# Practicing the Presence of the Lord



## StriperAddict (Aug 26, 2012)

On a thread title such as this, I doubt there can be "right" or "wrong" ways of "doing" ...  rather, it would profit many with an open talk on the subject. 

Some thoughts...

Has the Lord been the one to initiate intimacy?

Do you have a place/time where you set aside true "quiet" time?

Are you comforted of His presence, challenged, reminded, rebuked?

Are you disappointed when you have such times with the Lord and "feel" nothing?  

Must you "feel" Him (sense of blessing) in order to have heavenly approval?  Sure, a silly question, but does that feeling or lack of it effect your heart/manner with Him as you draw near?

Finally, how can we build each other up in this, in such a way that it comes as a "flow" of your (and His) love, than a duty?


----------



## gordon 2 (Aug 27, 2012)

Q._ Has the Lord been the one to initiate intimacy?_

A.Gee this is a hard one. Intimacy here is as in friendship.

 Q. ?_Do you have a place/time where you set aside true "quiet" time_

 A. No. I'm going deaf so quiet is not a blessing. The noisier the better. I think place and time is getting old for us. We are progressively nowhere and everywhere all the time. There is no place we are not there and at no time are we apart.

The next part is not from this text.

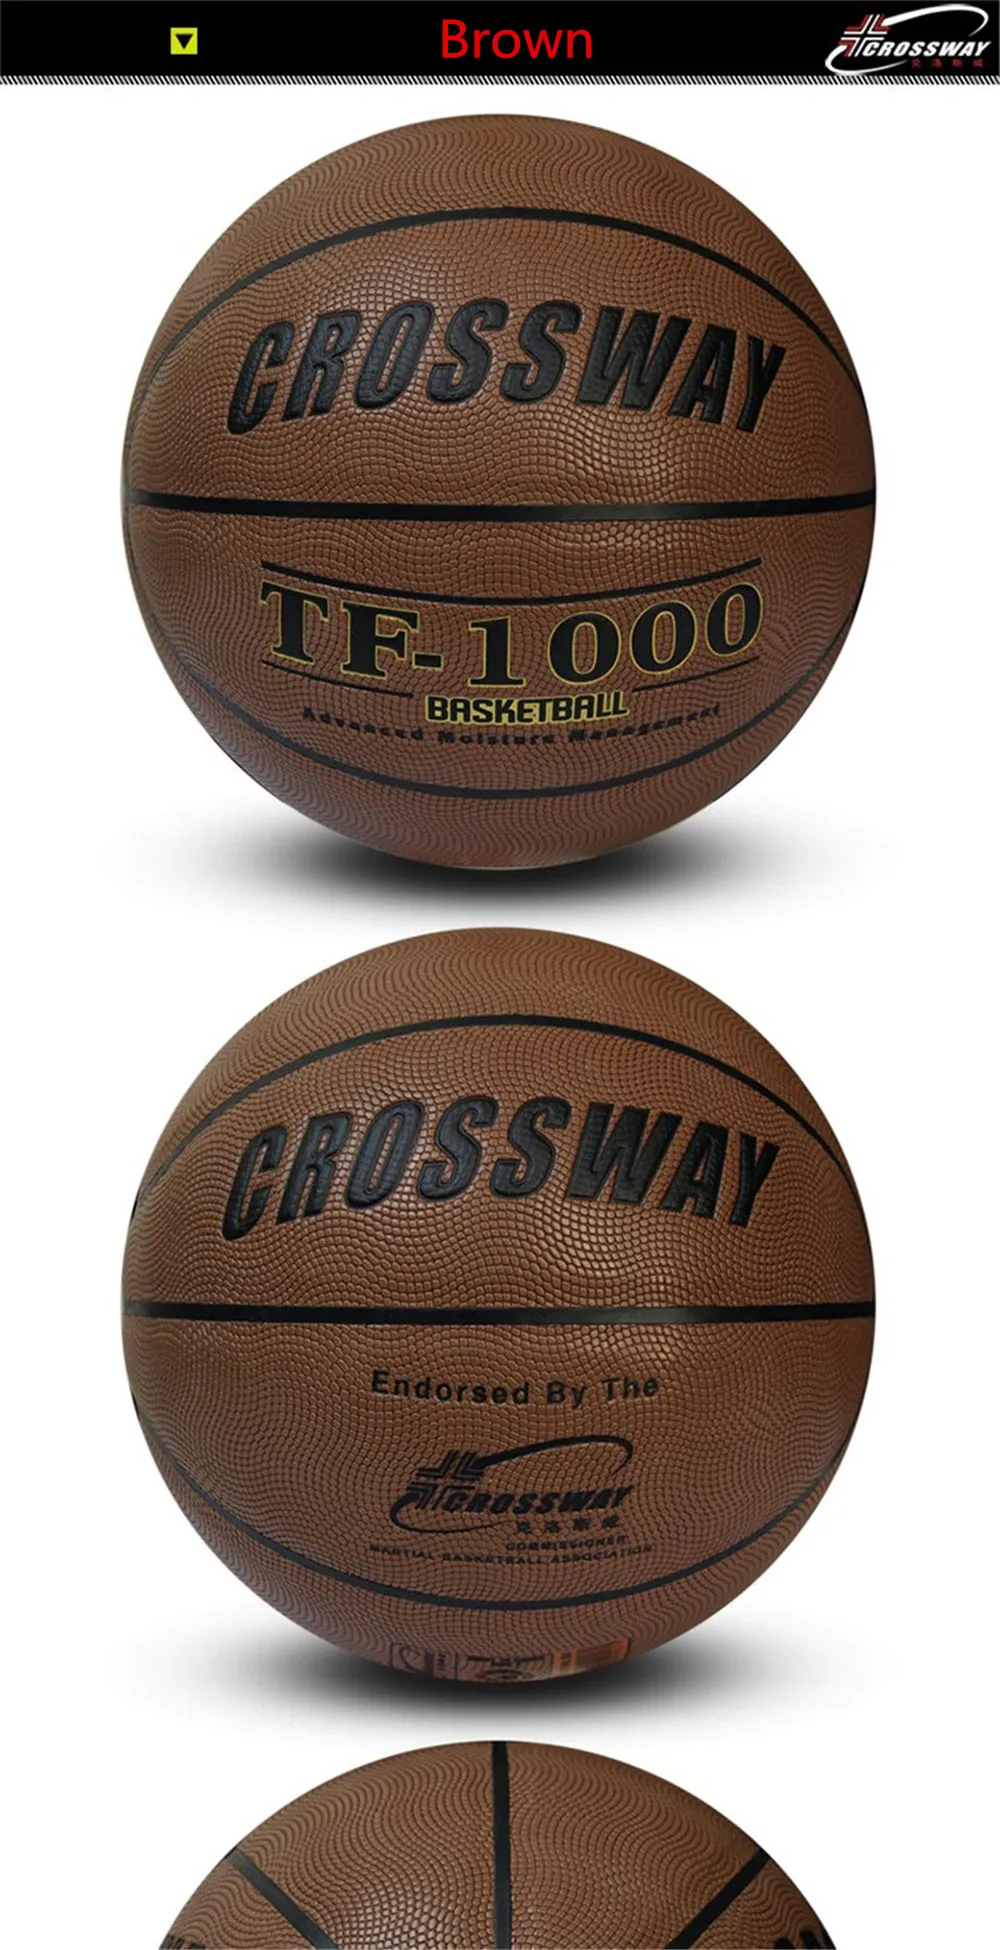 Главная & Away Crossway 2018 Лидер продаж Крытый Размеры 7 кожа баскетбольный мяч ПУ Обучение конкуренция Баскетбол

Q. _Are you comforted of His presence, challenged, reminded, rebuked?_

A.Comforting, challengeing and re-minding are usually our joy. We do this to each other--I think.

Q._Are you disappointed when you have such times with the Lord and "feel" nothing?_ 

A. Impossible. When things go well or not-so-well we definitely "feel". When something's wrong with my baby something's wrong with me, and when  my Lord dances the dancing is usually extra good.

Q._Must you "feel" Him (sense of blessing) in order to have heavenly approval? Sure, a silly question, but does that feeling or lack of it effect your heart/manner with Him as you draw near_?

I don't understand this question. It's like your asking a question about an eight track push button car radio in a 1961 Plymouth Valiant  with the stick shift of the dash and I just graduated to sirius radio in my  standard  5 on the floor Corola or something like that....

Or to know Him is to love Him, and to know to never divorce Him is approved of I think. I think it takes a bit of smarts to know that. And the divorce thing works both ways--for both parties.

Q.Finally, how can we build each other up in this, in such a way that it comes as a "flow" of your (and His) love, than a duty.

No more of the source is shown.